I debated with my lecturers whether I should keep the tree behind the house, however I soon decided it was far too awkwardly positioned in the composition and trying to establish the right amount of lighting was difficult, without the tree making the composition look too unbalanced. Without the tree, the piece appears more symmetrical and allows more focus on the house in the foreground. I don't regret including more detail, and adapting this piece as the previous composition seemed too illustrative and stylised. I received good feedback on the previous piece, especially on the aforementioned point but I need to focus on concept environment, where the backgrounds should look a bit more realistic.

I am happy with the development in this piece, but I may include more light sources and contrast to allow the fires to stand out.


Friday, 16 March 2012

Underwater City Animation

This is my first ever rendered film in After Effects, including a city background for the Underwater part of my film. The environment in question is obviously far from complete, but I wanted to test some underwater effects in Adobe Affects and see how effective they could be. I looked up an online tutorial that teaches you how to create light-rays and bubbles rising through the water, however due to my lack of knowledge of After Effects I believe I have struggled to achieve anything I am satisfied with.

The background in question may be altered to a mountain landscape, including caves and introducing a more "rocky terrain," which would reflect the apocalyptic city scene perched on top of sheer cliffs.

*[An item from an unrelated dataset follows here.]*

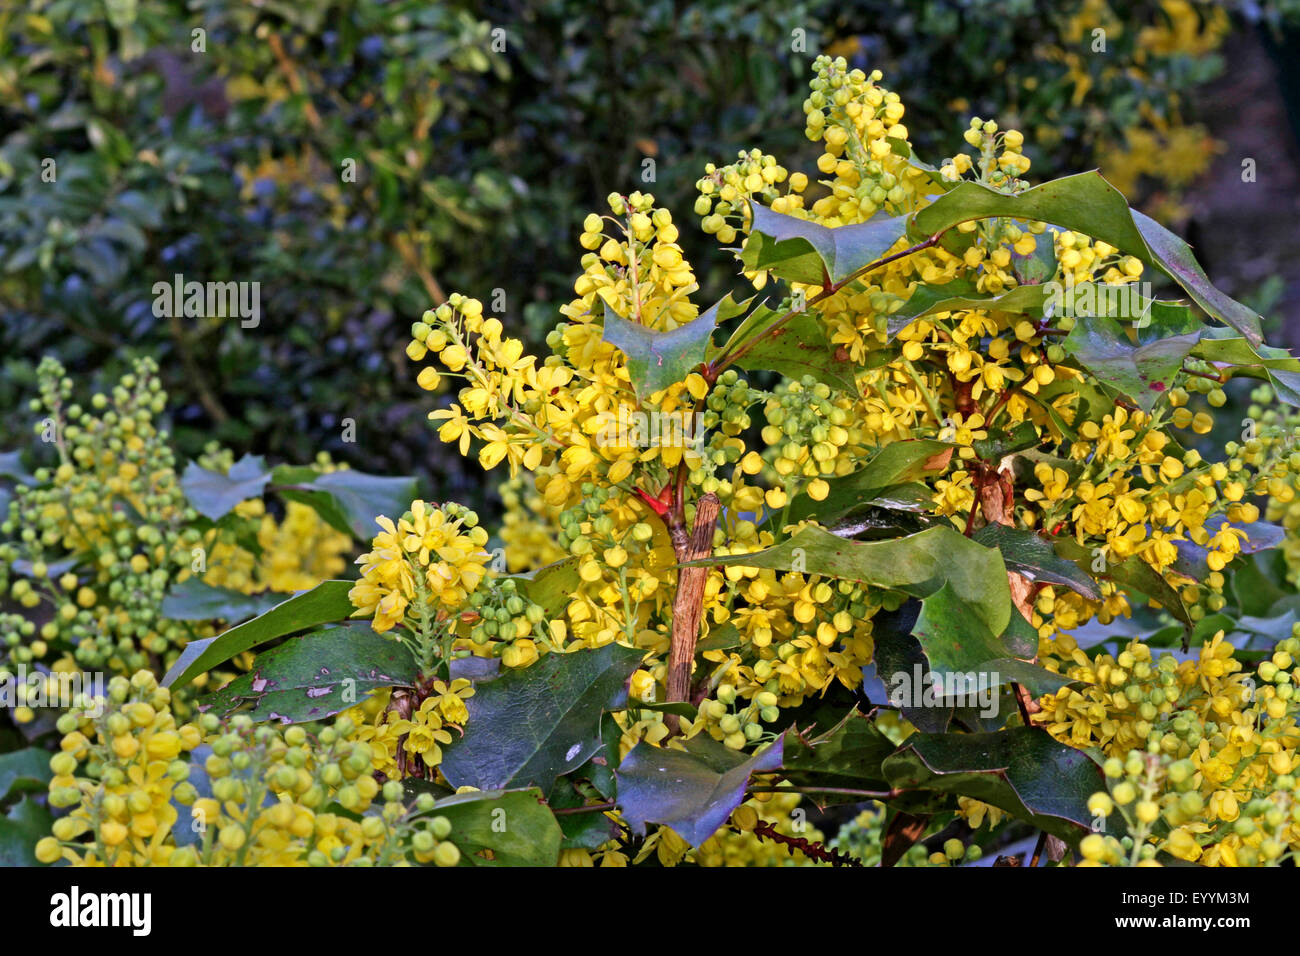 holly-leaf oregongrape, oregon-grape, shining oregongrape, tall oregongrape, mountain grape (Mahonia aquifolium), blooming, Germany Stock Photo

I may include some ruins into the underwater mountains but I want to avoid a cliched, "lost, forbidden temple," feel to environments. I do believe those themes are done to death.

Instead, I would opt for more industrial, early 20th Century architecture to my buildings or combine modern industrial elements with old, ancient in ruins, i.e. crude, rusted pipes supporting a crumbling archway. This would a make people ask: "Who put these horrible additions to these old, beautiful ruins?" Is it an attempt to preserve them, or simply to make these structures safe and habitable?

The light rays were difficult to create and I had trouble grasping the complicated process of their creation. What I had achieved, was too bright and garish for the piece so I took the attempted light-rays out of the film clip. However, I decided to include the rising bubbles which are a CC Snow effect simply switched in reverse. I know there is a lot more I can do animate this clip to make it more effective, i.e. making the plant-life move in motion to the water or include light reflecting off the ground but I am confident, the more I use After Effects, the much more effective my underwater scenes will be. 

I hope to find alternative ways of creating light rays in After Effects or simpler tutorials to achieve this effect. There are presets already in After Effects which I could include, such as a "Water Ripple," effect on the clip but I believe that would make the clip unoriginal and "cheesy".

Until next time ...

Monday, 12 March 2012

The Hangman's Tree

This is probably one of my favourite compositions so far. Even though the City Scene was very effective, and this composition keeps in the same style as Mountain Scene, I like the simplicity and overall tone of this piece. Like recent posts, I have uploaded three different colour hues of the same painting, to compare which one is the most effective to use in my film.

I am drawn to the top image the most as the other two images appear to hold too much of the same colour. Like the previous post of the Mountain Scene, I have included the same brush texture to achieve  detail at the bottom of the tree. Anymore detail added to this piece would stray away from the focal point of the tree and the textured detail on the ground.

However, there are improvements ... I think I may add some more detail to the branches and more texture to the bark of the tree. Also, a light source needs to be added behind the clouds ... a "sickly sun" type of light source, so as to balance out the lightness of the fog above the ground.